Basically, this script handles the input for a GET request with non-empty input and a POST request with any input. At the end of this conditional, $form has the input string in a URL-encoded form. Obviously, this kind of data handling is not acceptable in a real-life scenario. The parsing of the incoming input to figure out if it's POST or GET has to be done so many times and in so many shell scripts that it's really a good idea to simply write a subroutine that handles both types of processing. Once you have such a subroutine defined, all you have to do is simply include it in the rest of the CGI scripts to extract the incoming parameters.

In either case, the output of the Perl script is what is sent back to the calling browser. In other words, all the words written to STDOUT (the default if a file handle is not specified in the print statement) are sent the browser. In fact, the output is forced to be flushed as soon as possible with the use of the $|=1 command.

Tip
You have to deal with handling any errors in input. Imagine the type of input your script might receive if your user walks away from his desk and his three-year-old gets to do some typing! Always check for input into your CGI form. It's better to be safe than sorry.

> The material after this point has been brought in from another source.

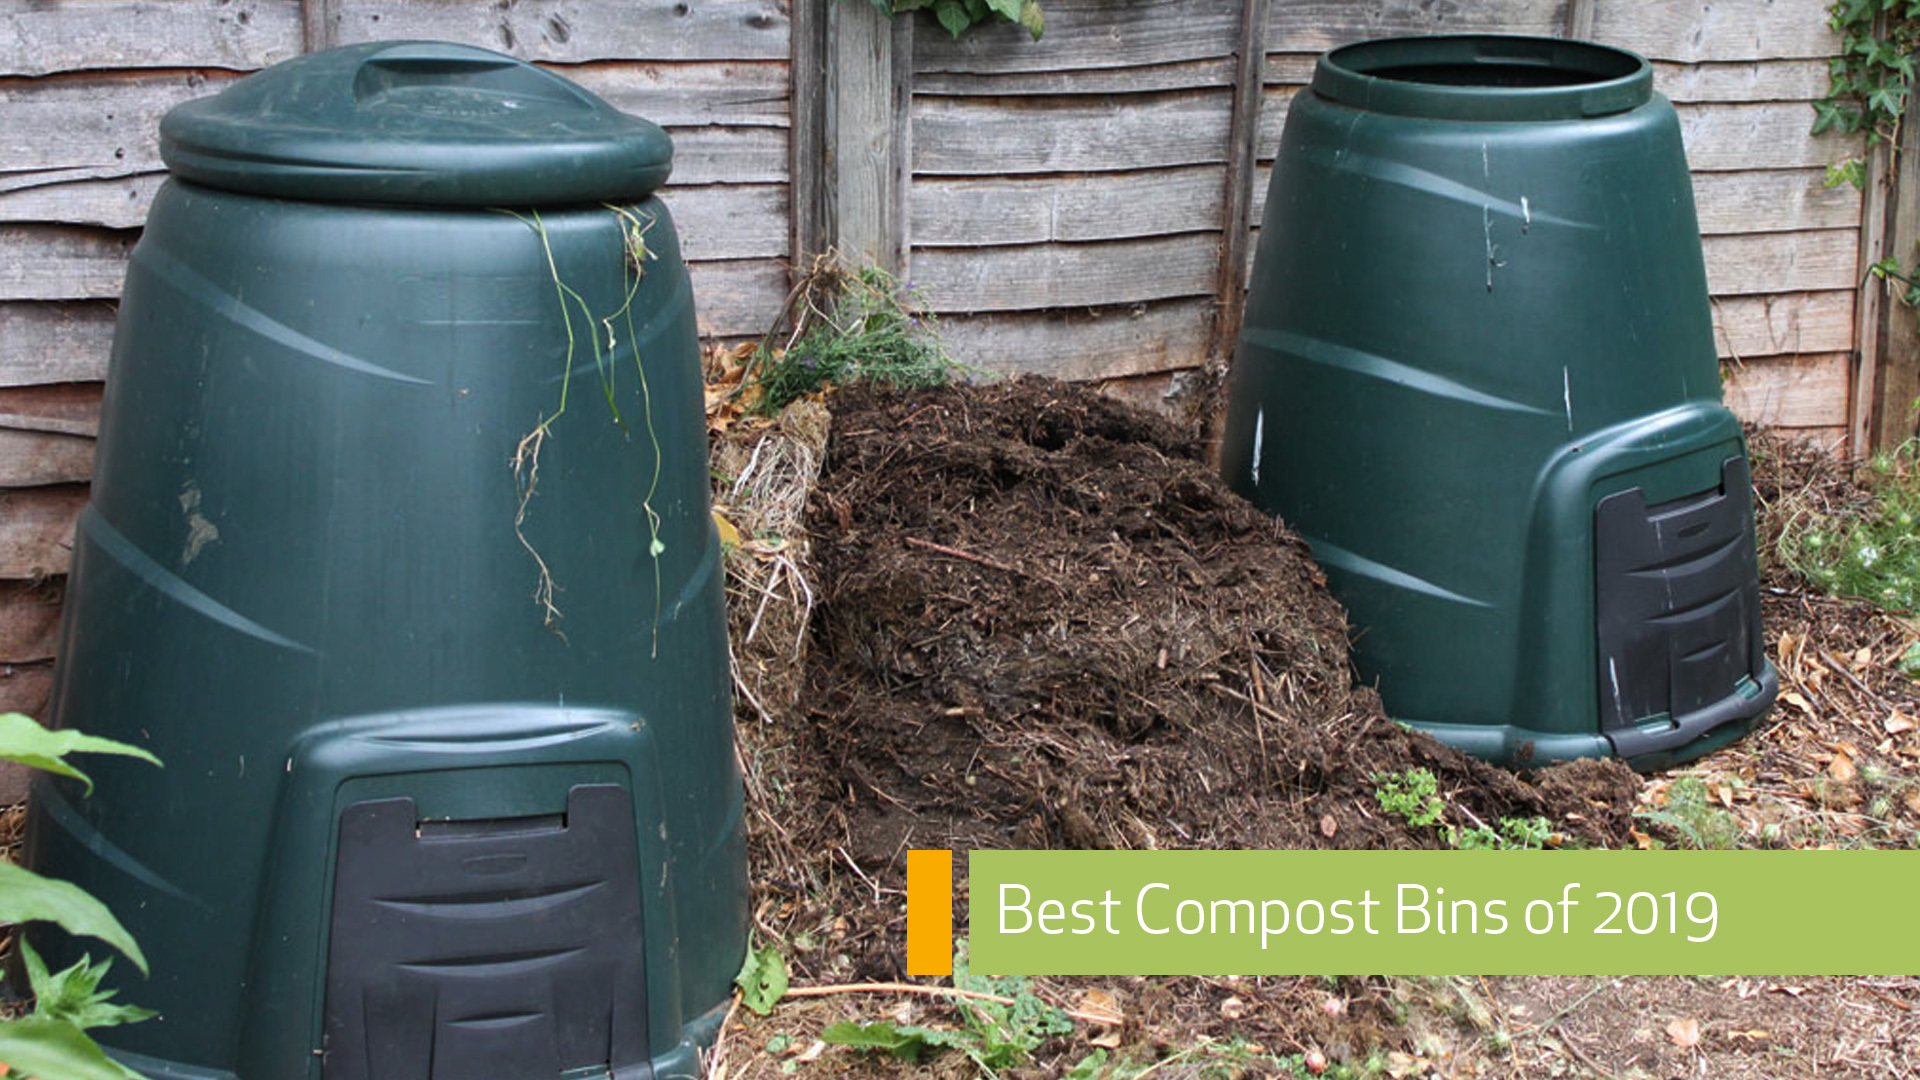 Best Compost Bins of 2019

In Listing 22.5, lines 19 through 28 will parse the incoming parameters into an associative array called inputs. Look at what you have parsed into the incoming inputs associative array from a test run. The output of what the values that were entered in the form and sent to the script are set in inputs:

%inputs{'income'} is set to 5
%inputs{'ssn'} is set to 123-45-6789
%inputs{'lname'} is set to Doe
%inputs{'dependants'} is set to 4
%inputs{'mastercard'} is set to MCRD
%inputs{'mname'} is set to Jane Smith
%inputs{'fname'} is set to John

If you look at the HTML file that invoked this script, you'll recognize some of the indices in the %inputs array. The keys used to index into the %inputs array were set in the HTML document. They have now been passed into the Perl script for use. The %inputs array now has all the values for you to work with.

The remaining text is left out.